Dataset excerpts
=-=-=

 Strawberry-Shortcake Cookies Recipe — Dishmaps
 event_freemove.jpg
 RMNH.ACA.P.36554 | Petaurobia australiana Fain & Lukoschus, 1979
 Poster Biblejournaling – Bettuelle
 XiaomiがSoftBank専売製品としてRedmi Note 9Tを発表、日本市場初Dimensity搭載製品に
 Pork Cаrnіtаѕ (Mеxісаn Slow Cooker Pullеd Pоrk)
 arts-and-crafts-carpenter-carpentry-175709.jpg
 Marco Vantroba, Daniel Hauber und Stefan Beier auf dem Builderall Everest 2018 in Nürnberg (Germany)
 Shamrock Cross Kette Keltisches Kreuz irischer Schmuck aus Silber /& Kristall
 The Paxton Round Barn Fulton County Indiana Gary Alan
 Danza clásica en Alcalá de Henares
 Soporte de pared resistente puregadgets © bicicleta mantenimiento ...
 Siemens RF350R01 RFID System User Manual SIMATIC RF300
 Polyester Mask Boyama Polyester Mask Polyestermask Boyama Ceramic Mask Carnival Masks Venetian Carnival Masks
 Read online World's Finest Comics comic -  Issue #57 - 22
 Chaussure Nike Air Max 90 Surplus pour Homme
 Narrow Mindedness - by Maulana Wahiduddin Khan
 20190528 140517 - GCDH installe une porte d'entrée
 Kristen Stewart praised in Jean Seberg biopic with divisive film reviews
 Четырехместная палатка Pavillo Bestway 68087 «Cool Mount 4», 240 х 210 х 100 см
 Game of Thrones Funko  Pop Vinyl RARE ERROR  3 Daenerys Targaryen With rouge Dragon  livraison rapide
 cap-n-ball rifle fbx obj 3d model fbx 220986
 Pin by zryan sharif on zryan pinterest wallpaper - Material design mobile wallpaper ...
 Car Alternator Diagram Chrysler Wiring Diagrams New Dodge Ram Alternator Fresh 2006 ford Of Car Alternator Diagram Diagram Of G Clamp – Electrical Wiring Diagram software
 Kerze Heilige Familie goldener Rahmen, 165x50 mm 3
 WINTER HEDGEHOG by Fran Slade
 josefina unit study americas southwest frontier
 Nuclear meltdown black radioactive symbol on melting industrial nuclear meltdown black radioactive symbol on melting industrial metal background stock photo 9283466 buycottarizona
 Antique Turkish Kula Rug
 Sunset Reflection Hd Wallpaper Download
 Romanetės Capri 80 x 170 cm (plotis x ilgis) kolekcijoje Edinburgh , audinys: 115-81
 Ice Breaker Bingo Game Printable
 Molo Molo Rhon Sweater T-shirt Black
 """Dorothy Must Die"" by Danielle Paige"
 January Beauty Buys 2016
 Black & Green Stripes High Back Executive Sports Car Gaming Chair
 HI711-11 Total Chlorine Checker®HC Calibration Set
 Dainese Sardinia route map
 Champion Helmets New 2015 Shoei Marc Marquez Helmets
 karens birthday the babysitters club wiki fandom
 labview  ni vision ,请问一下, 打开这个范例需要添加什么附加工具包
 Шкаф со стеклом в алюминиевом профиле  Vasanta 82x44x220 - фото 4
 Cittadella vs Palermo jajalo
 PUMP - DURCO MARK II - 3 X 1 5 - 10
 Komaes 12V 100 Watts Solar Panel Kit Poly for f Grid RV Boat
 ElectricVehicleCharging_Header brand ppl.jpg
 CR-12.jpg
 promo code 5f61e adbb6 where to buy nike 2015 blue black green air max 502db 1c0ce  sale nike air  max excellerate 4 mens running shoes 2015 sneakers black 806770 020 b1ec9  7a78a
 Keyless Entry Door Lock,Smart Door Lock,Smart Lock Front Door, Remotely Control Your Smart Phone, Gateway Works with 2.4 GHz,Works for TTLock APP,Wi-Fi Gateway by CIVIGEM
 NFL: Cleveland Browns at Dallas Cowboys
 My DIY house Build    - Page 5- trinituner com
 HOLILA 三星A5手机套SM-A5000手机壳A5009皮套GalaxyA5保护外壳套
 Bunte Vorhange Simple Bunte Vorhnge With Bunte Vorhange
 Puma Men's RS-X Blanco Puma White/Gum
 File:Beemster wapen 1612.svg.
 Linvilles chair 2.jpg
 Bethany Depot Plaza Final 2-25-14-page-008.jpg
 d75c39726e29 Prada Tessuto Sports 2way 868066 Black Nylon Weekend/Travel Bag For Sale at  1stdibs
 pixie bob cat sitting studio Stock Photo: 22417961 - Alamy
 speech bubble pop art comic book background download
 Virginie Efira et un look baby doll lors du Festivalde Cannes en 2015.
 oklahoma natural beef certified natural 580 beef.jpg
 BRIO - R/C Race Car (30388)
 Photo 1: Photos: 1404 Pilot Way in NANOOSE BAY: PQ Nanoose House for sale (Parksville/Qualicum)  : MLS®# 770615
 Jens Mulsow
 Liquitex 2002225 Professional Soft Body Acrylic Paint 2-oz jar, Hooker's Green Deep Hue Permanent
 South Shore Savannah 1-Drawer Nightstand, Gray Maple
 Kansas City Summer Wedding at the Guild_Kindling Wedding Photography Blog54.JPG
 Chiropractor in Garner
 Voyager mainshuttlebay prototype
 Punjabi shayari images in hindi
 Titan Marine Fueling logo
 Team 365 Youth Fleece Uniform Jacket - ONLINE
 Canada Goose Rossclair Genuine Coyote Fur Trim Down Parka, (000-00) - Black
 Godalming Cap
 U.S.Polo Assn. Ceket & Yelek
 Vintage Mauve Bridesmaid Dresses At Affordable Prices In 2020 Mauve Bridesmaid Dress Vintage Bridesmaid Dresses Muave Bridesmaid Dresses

=-=-=

**Task details**
Return the lines above exactly, keeping every word.

**Task result**
 Strawberry-Shortcake Cookies Recipe — Dishmaps
 event_freemove.jpg
 RMNH.ACA.P.36554 | Petaurobia australiana Fain & Lukoschus, 1979
 Poster Biblejournaling – Bettuelle
 XiaomiがSoftBank専売製品としてRedmi Note 9Tを発表、日本市場初Dimensity搭載製品に
 Pork Cаrnіtаѕ (Mеxісаn Slow Cooker Pullеd Pоrk)
 arts-and-crafts-carpenter-carpentry-175709.jpg
 Marco Vantroba, Daniel Hauber und Stefan Beier auf dem Builderall Everest 2018 in Nürnberg (Germany)
 Shamrock Cross Kette Keltisches Kreuz irischer Schmuck aus Silber /& Kristall
 The Paxton Round Barn Fulton County Indiana Gary Alan
 Danza clásica en Alcalá de Henares
 Soporte de pared resistente puregadgets © bicicleta mantenimiento ...
 Siemens RF350R01 RFID System User Manual SIMATIC RF300
 Polyester Mask Boyama Polyester Mask Polyestermask Boyama Ceramic Mask Carnival Masks Venetian Carnival Masks
 Read online World's Finest Comics comic -  Issue #57 - 22
 Chaussure Nike Air Max 90 Surplus pour Homme
 Narrow Mindedness - by Maulana Wahiduddin Khan
 20190528 140517 - GCDH installe une porte d'entrée
 Kristen Stewart praised in Jean Seberg biopic with divisive film reviews
 Четырехместная палатка Pavillo Bestway 68087 «Cool Mount 4», 240 х 210 х 100 см
 Game of Thrones Funko  Pop Vinyl RARE ERROR  3 Daenerys Targaryen With rouge Dragon  livraison rapide
 cap-n-ball rifle fbx obj 3d model fbx 220986
 Pin by zryan sharif on zryan pinterest wallpaper - Material design mobile wallpaper ...
 Car Alternator Diagram Chrysler Wiring Diagrams New Dodge Ram Alternator Fresh 2006 ford Of Car Alternator Diagram Diagram Of G Clamp – Electrical Wiring Diagram software
 Kerze Heilige Familie goldener Rahmen, 165x50 mm 3
 WINTER HEDGEHOG by Fran Slade
 josefina unit study americas southwest frontier
 Nuclear meltdown black radioactive symbol on melting industrial nuclear meltdown black radioactive symbol on melting industrial metal background stock photo 9283466 buycottarizona
 Antique Turkish Kula Rug
 Sunset Reflection Hd Wallpaper Download
 Romanetės Capri 80 x 170 cm (plotis x ilgis) kolekcijoje Edinburgh , audinys: 115-81
 Ice Breaker Bingo Game Printable
 Molo Molo Rhon Sweater T-shirt Black
 """Dorothy Must Die"" by Danielle Paige"
 January Beauty Buys 2016
 Black & Green Stripes High Back Executive Sports Car Gaming Chair
 HI711-11 Total Chlorine Checker®HC Calibration Set
 Dainese Sardinia route map
 Champion Helmets New 2015 Shoei Marc Marquez Helmets
 karens birthday the babysitters club wiki fandom
 labview  ni vision ,请问一下, 打开这个范例需要添加什么附加工具包
 Шкаф со стеклом в алюминиевом профиле  Vasanta 82x44x220 - фото 4
 Cittadella vs Palermo jajalo
 PUMP - DURCO MARK II - 3 X 1 5 - 10
 Komaes 12V 100 Watts Solar Panel Kit Poly for f Grid RV Boat
 ElectricVehicleCharging_Header brand ppl.jpg
 CR-12.jpg
 promo code 5f61e adbb6 where to buy nike 2015 blue black green air max 502db 1c0ce  sale nike air  max excellerate 4 mens running shoes 2015 sneakers black 806770 020 b1ec9  7a78a
 Keyless Entry Door Lock,Smart Door Lock,Smart Lock Front Door, Remotely Control Your Smart Phone, Gateway Works with 2.4 GHz,Works for TTLock APP,Wi-Fi Gateway by CIVIGEM
 NFL: Cleveland Browns at Dallas Cowboys
 My DIY house Build    - Page 5- trinituner com
 HOLILA 三星A5手机套SM-A5000手机壳A5009皮套GalaxyA5保护外壳套
 Bunte Vorhange Simple Bunte Vorhnge With Bunte Vorhange
 Puma Men's RS-X Blanco Puma White/Gum
 File:Beemster wapen 1612.svg.
 Linvilles chair 2.jpg
 Bethany Depot Plaza Final 2-25-14-page-008.jpg
 d75c39726e29 Prada Tessuto Sports 2way 868066 Black Nylon Weekend/Travel Bag For Sale at  1stdibs
 pixie bob cat sitting studio Stock Photo: 22417961 - Alamy
 speech bubble pop art comic book background download
 Virginie Efira et un look baby doll lors du Festivalde Cannes en 2015.
 oklahoma natural beef certified natural 580 beef.jpg
 BRIO - R/C Race Car (30388)
 Photo 1: Photos: 1404 Pilot Way in NANOOSE BAY: PQ Nanoose House for sale (Parksville/Qualicum)  : MLS®# 770615
 Jens Mulsow
 Liquitex 2002225 Professional Soft Body Acrylic Paint 2-oz jar, Hooker's Green Deep Hue Permanent
 South Shore Savannah 1-Drawer Nightstand, Gray Maple
 Kansas City Summer Wedding at the Guild_Kindling Wedding Photography Blog54.JPG
 Chiropractor in Garner
 Voyager mainshuttlebay prototype
 Punjabi shayari images in hindi
 Titan Marine Fueling logo
 Team 365 Youth Fleece Uniform Jacket - ONLINE
 Canada Goose Rossclair Genuine Coyote Fur Trim Down Parka, (000-00) - Black
 Godalming Cap
 U.S.Polo Assn. Ceket & Yelek
 Vintage Mauve Bridesmaid Dresses At Affordable Prices In 2020 Mauve Bridesmaid Dress Vintage Bridesmaid Dresses Muave Bridesmaid Dresses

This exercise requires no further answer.